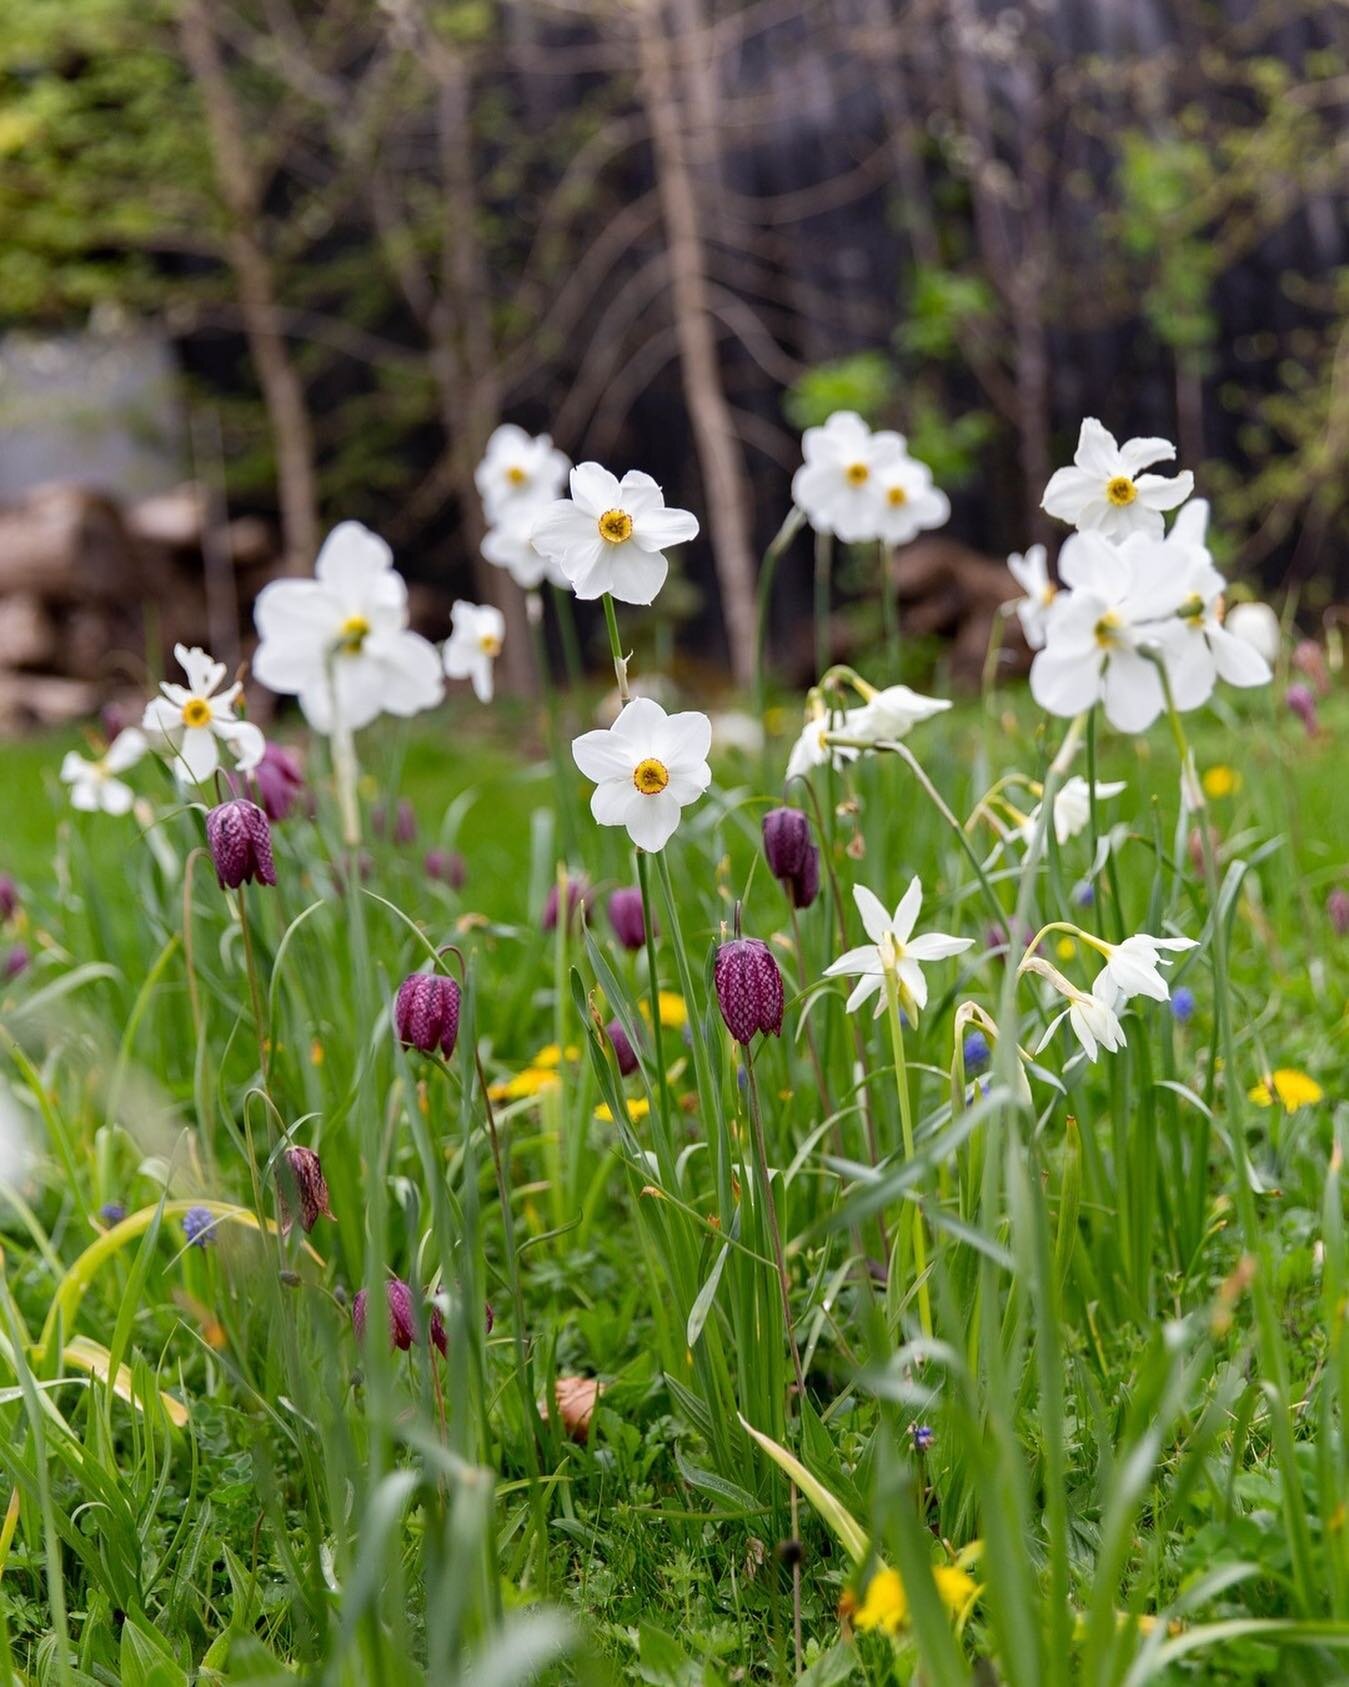 Despite being squashed by the unexpected snow at the start of last week, our bulb meadow is flourishing this year. The daffodils were the most knocked by the sudden snowfall, but have all perked back to life, and look especially good right now mixed 
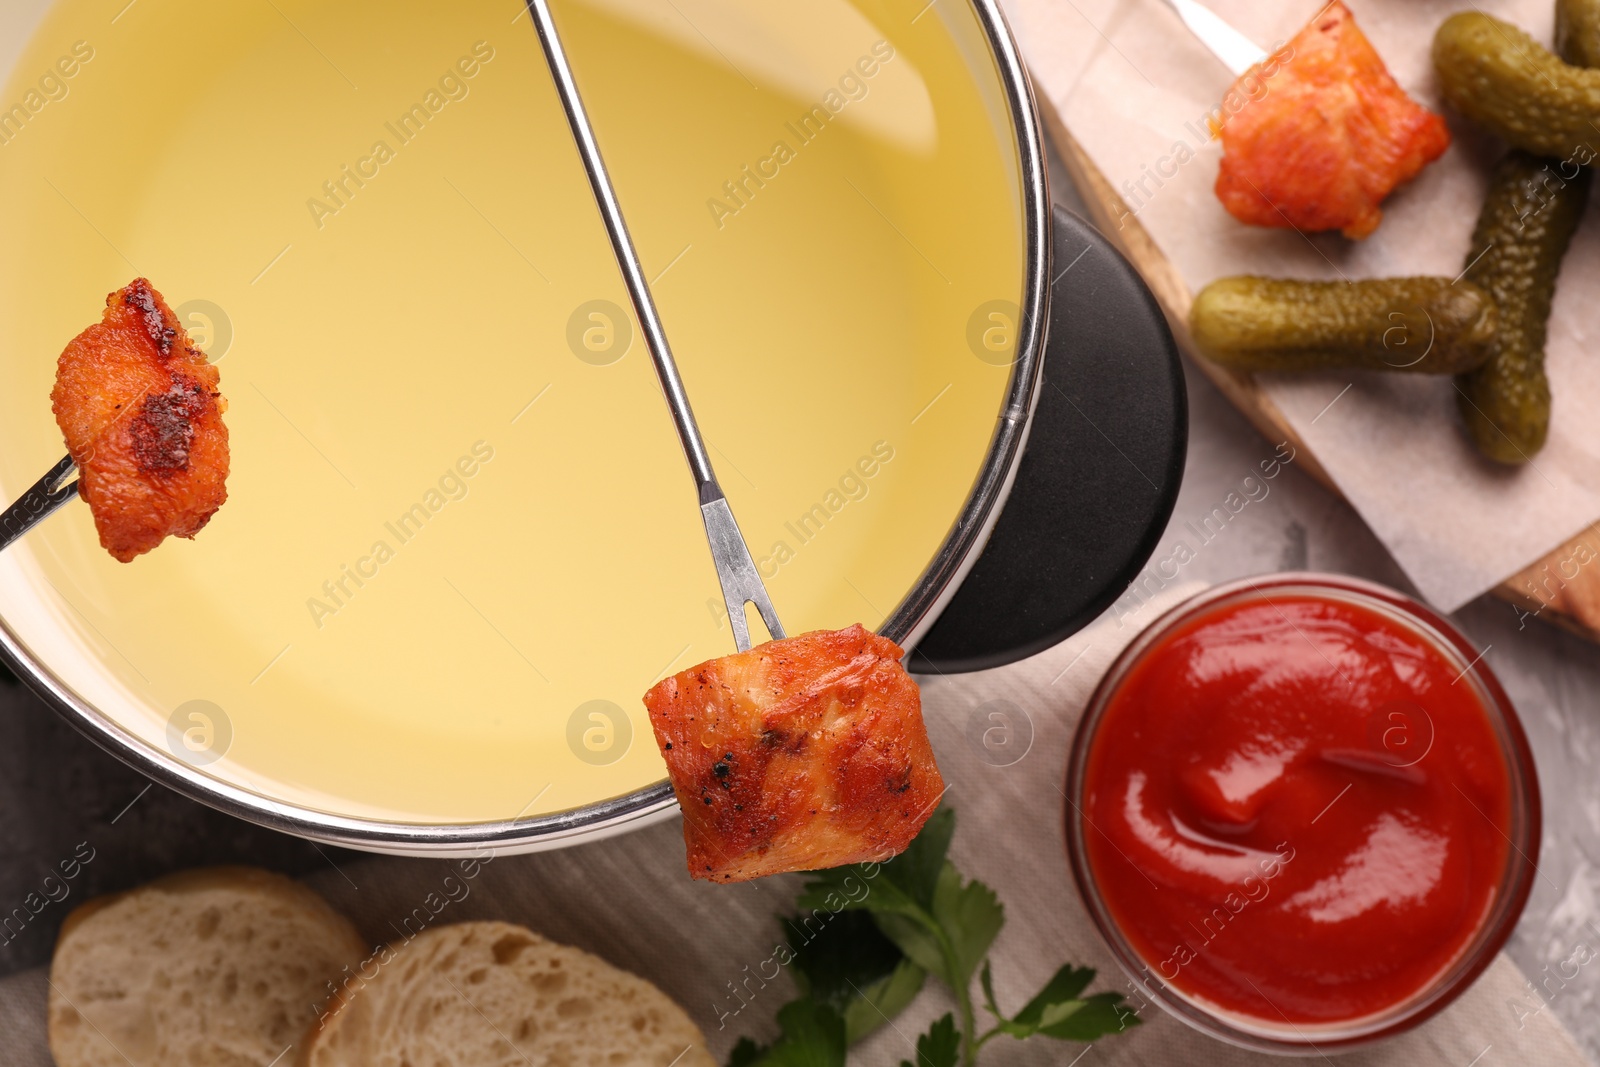 Photo of Fondue pot, forks with fried meat pieces, ketchup and other products on grey textured table, flat lay
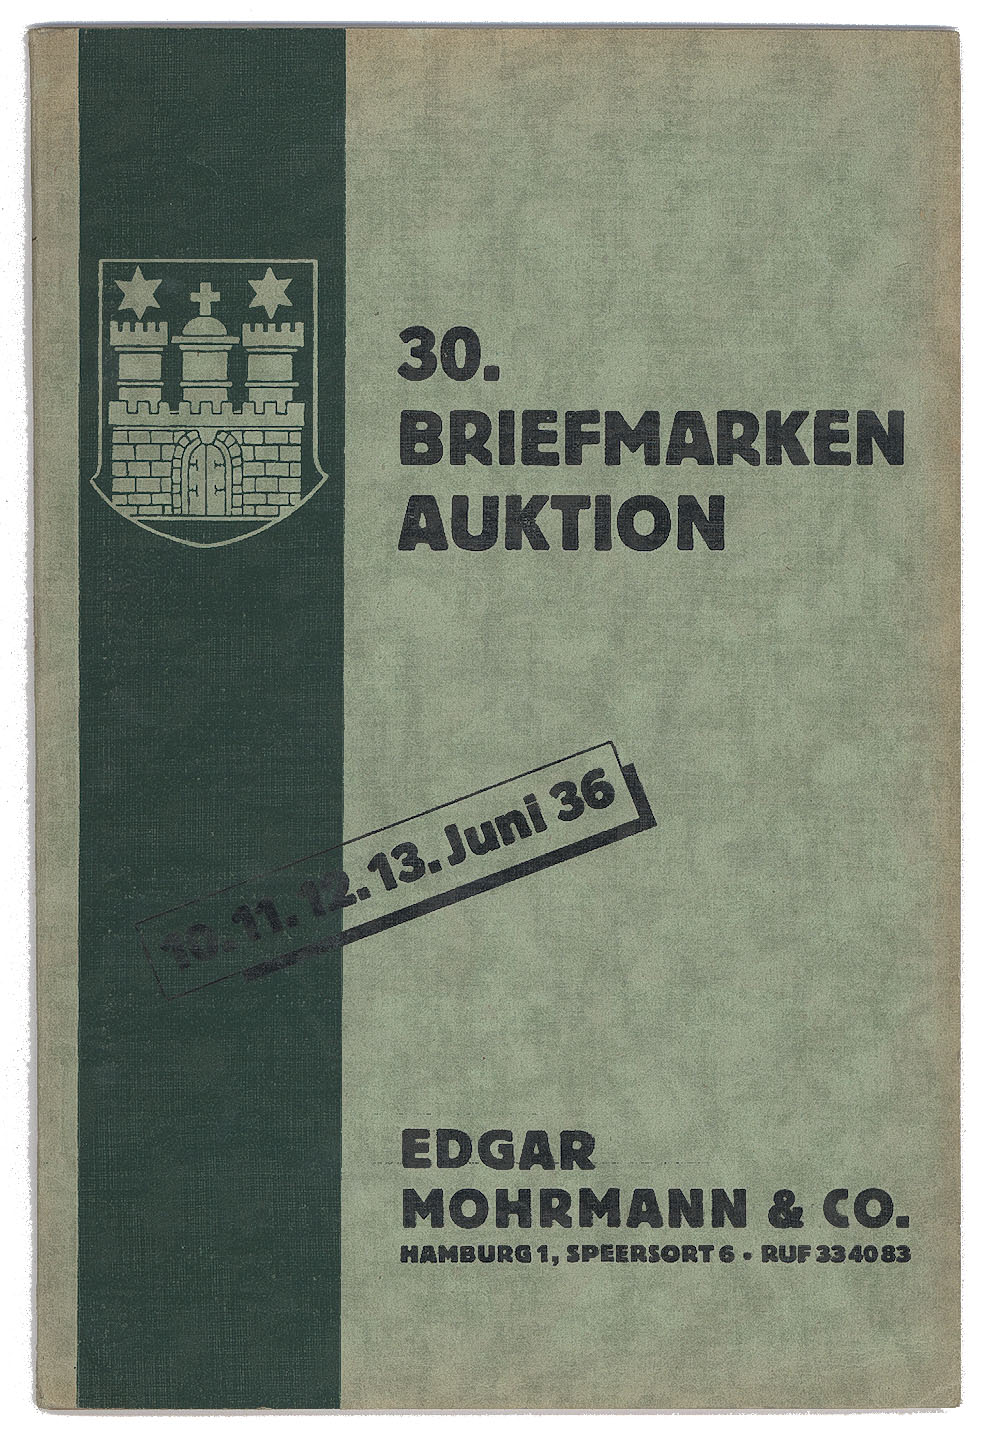 titel page of the catelogue for the 24th Edgar Mohrman auction (June 1934)
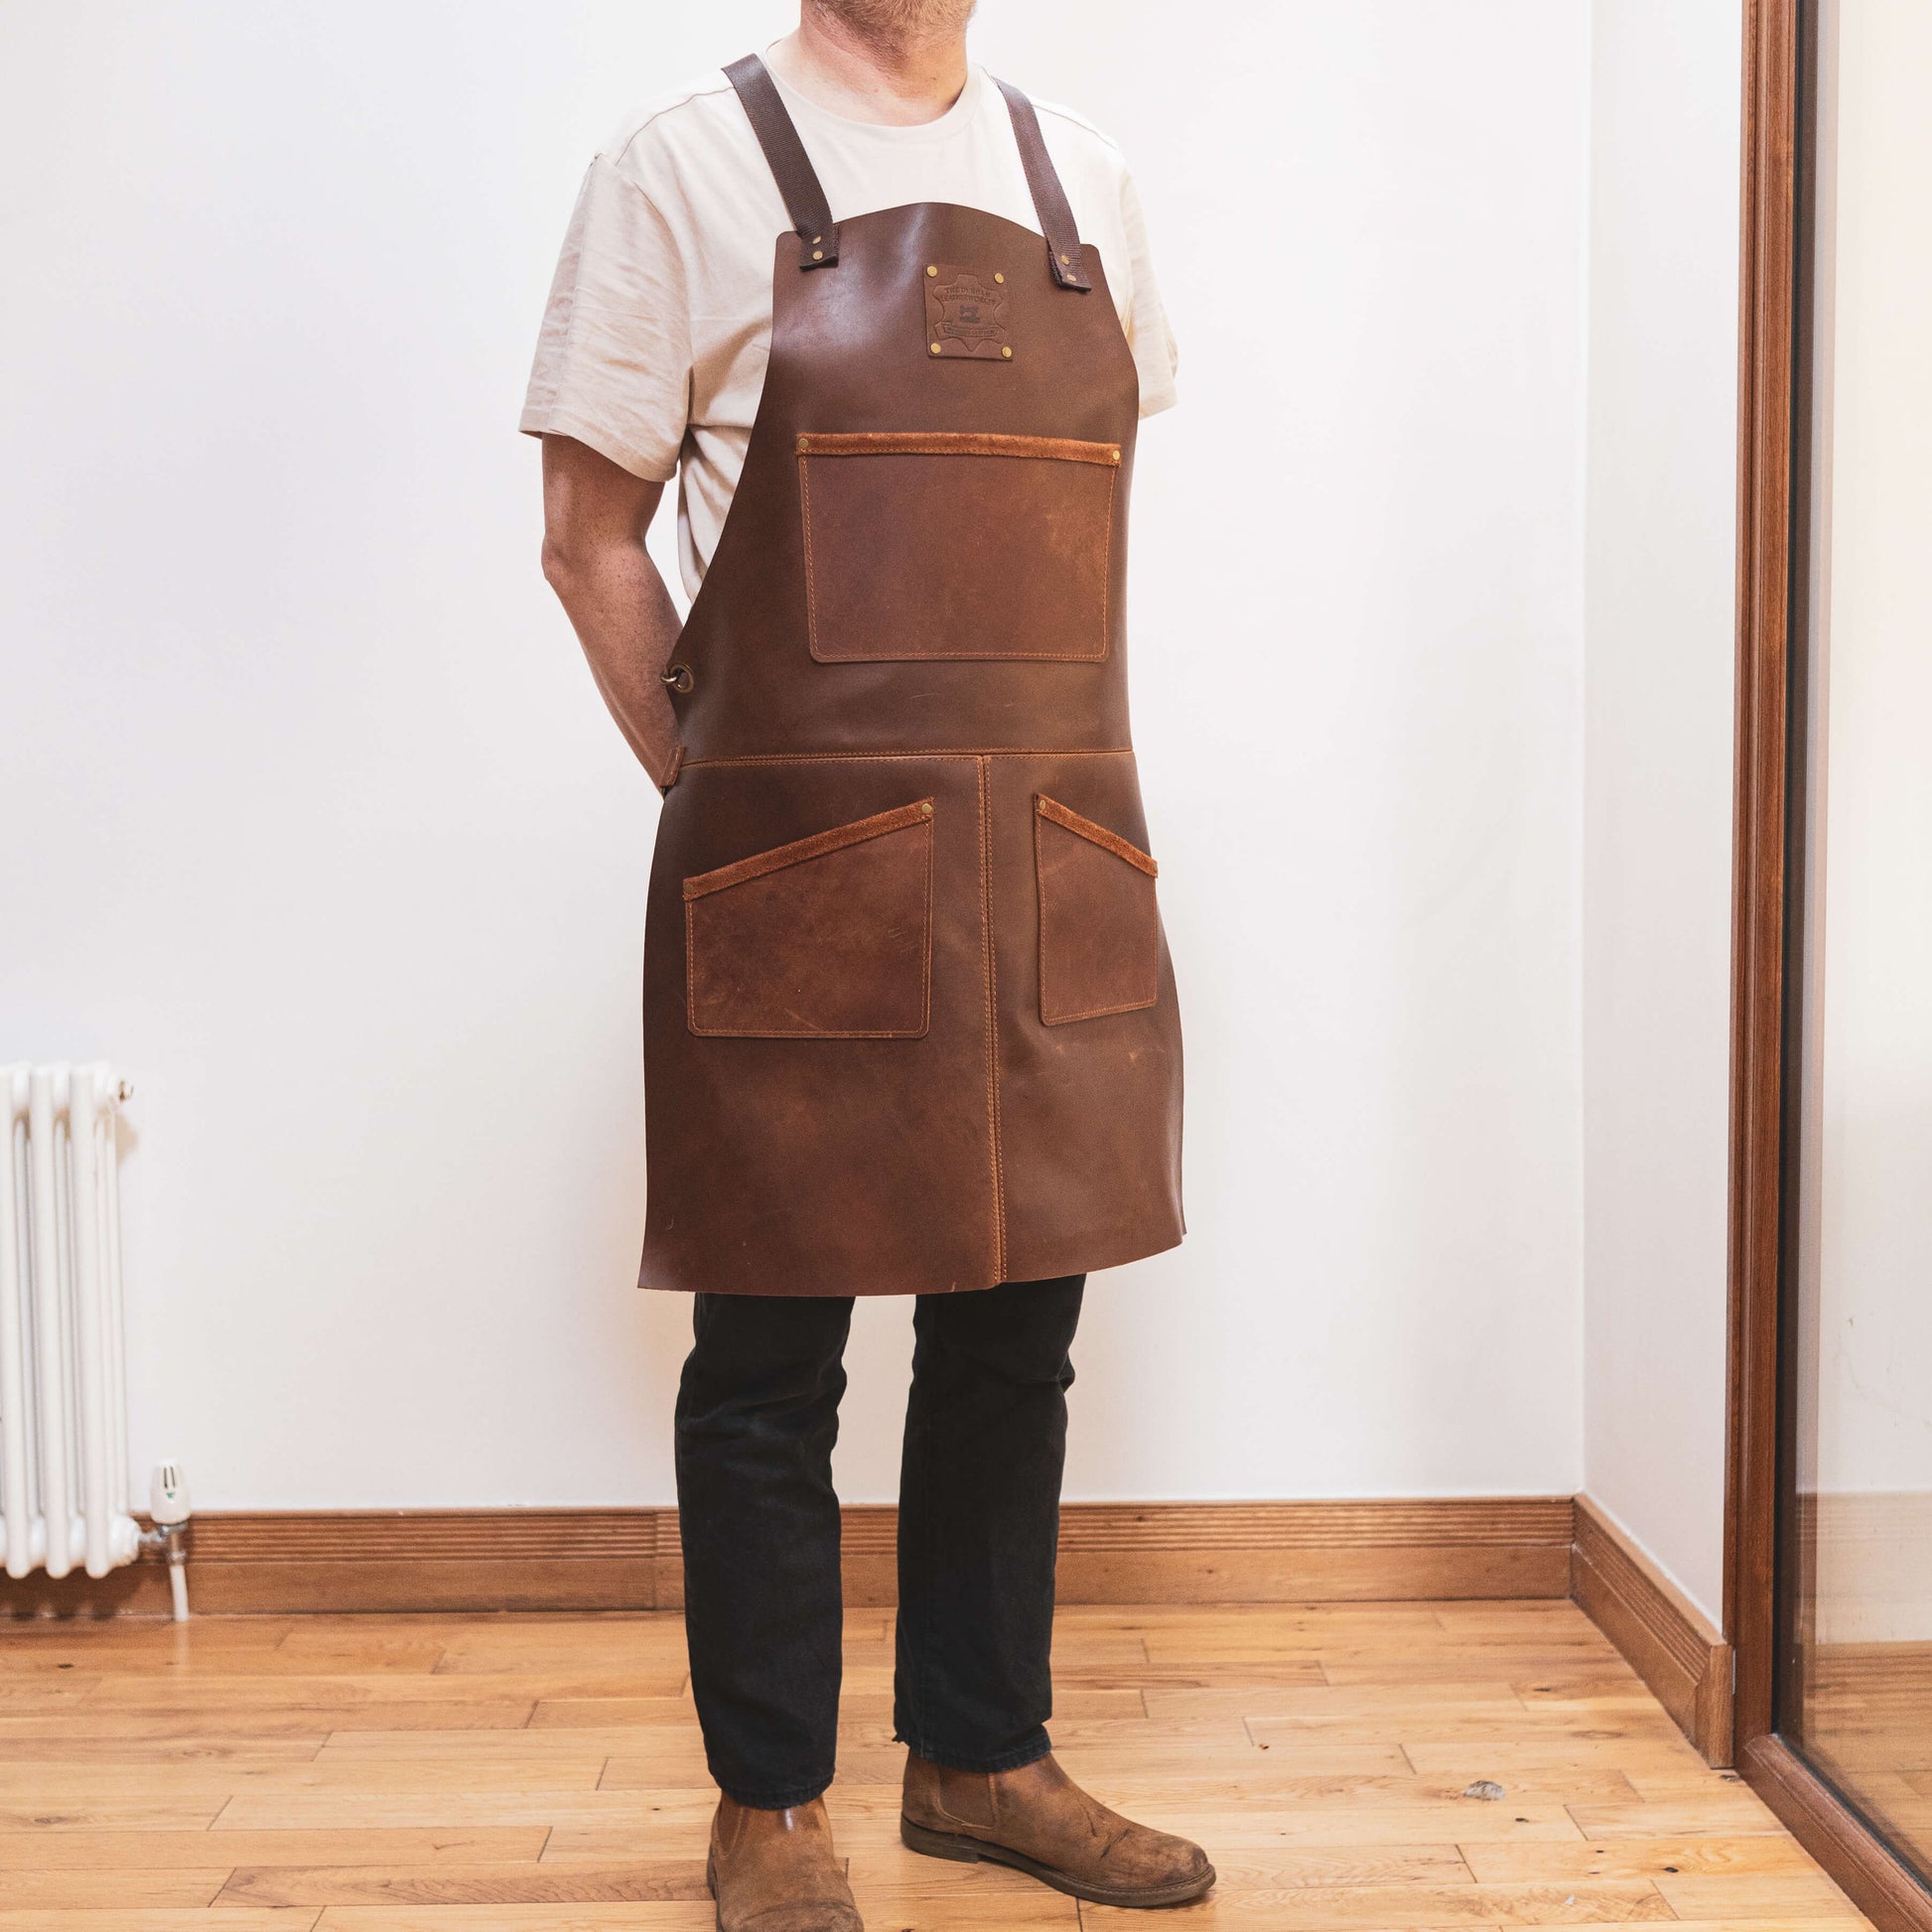 A carpenter wearing The Durham Leatherworker leather apron stands in a room with wooden flooring, facing a mirror. The apron has multiple pockets, and the person is dressed casually in a white t-shirt and dark jeans.

_ _ _ _ _

▶ **Work instruction**: Could you give the listing again exactly as it stands, minus any pictures?

▶ **Task result**:
 Despite being squashed by the unexpected snow at the start of last week, our bulb meadow is flourishing this year. The daffodils were the most knocked by the sudden snowfall, but have all perked back to life, and look especially good right now mixed 
 Photo of Fondue pot, forks with fried meat pieces, ketchup and other products on grey textured table, flat lay
 titel page of the catelogue for the 24th Edgar Mohrman auction (June 1934)
 A carpenter wearing The Durham Leatherworker leather apron stands in a room with wooden flooring, facing a mirror. The apron has multiple pockets, and the person is dressed casually in a white t-shirt and dark jeans.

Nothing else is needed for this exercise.